We don’t know. Of course we know. It’s not about natural or super-natural, human or divine, physical resurrection or empty tomb. It’s about being human; human in the way that Jesus lived and died for. So, if we are prepared to follow Jesus and work to ensure that humanity evolves in ways that ensure peace through justice there’s a parade waiting for us to join; a parade designed to save us from ourselves, our fears, our oppressive inclinations, our greed, our avarice, our pride, our prejudices and our hatred, a parade full of rebels whose authority comes from that which lies at the very heart of reality, a parade whose authority is love; love that sets free both the oppressor and the oppressed, so that justice can give birth to peace.
Human or divine? So, do we have the courage to answer: human and therefore divine? If Jesus is human therefore divine, then there are parades out there that we need to be joining for we too are human and therefore divine. Our world needs us to step out into the streets and march against oppression. Our planet needs us to step out into the streets and march against the destruction and abuse of the earth. Our sisters and brothers need us to step out into the streets and finally address the issues of poverty so that no one goes hungry or homeless while we enjoy the blessings of wealth and power. It’s time for us to take our authority seriously and step up and step out and live into our humanity so that our divinity can be a blessing to all of creation.
“We don’t know.” Please!!! Of course we know! Jesus was human and therefore divine and so are we.

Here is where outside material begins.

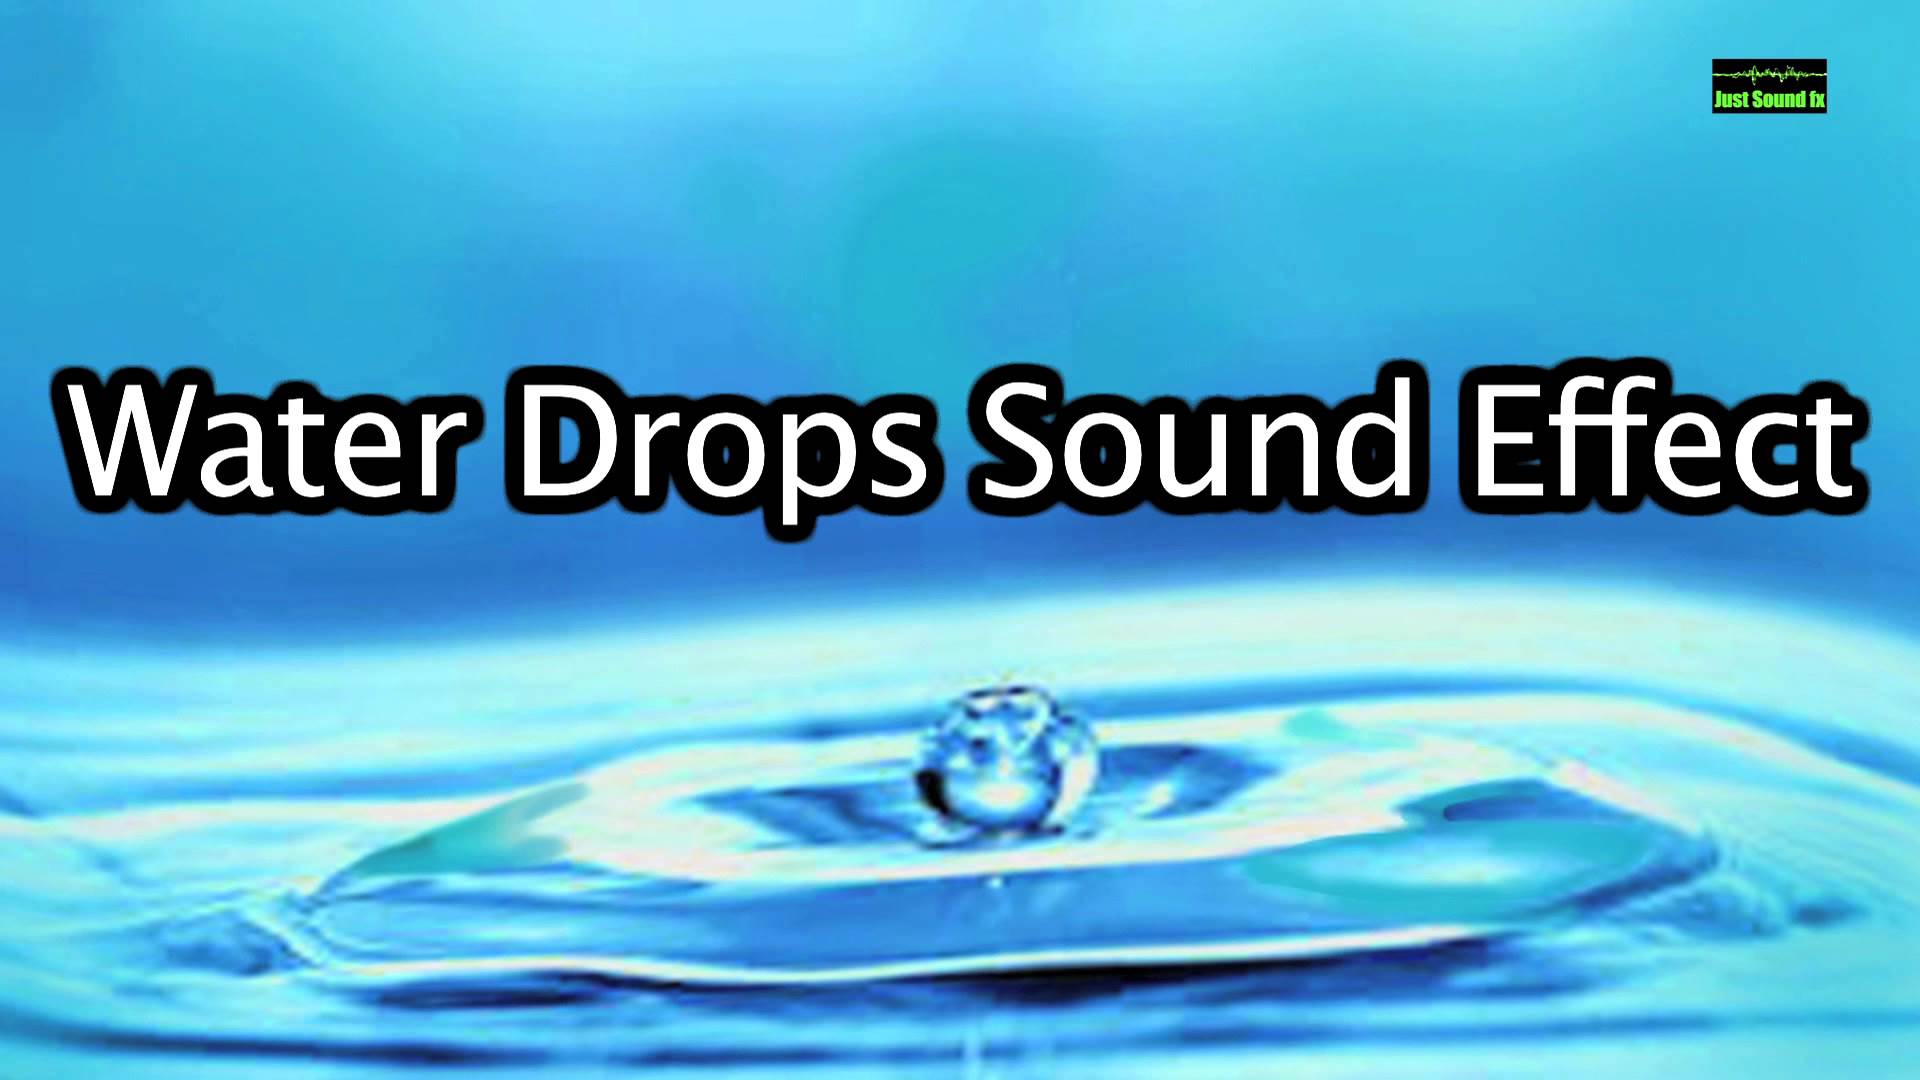 Water Drops Sound Effect - YouTube

Let’s use our authority to usher in peace through justice so that our sisters and brothers everywhere can live fully, love freely and be all that we were created to be.
This is quite powerful and inspirational. As part of a lay-led congregation in my hometown in Mississippi, I would like to use these words to inspire social justice and action in our congregation. May I adapt your words for our Palm Sunday service?
Sorry I missed your comment. Busy days. Feel free to use where it helps.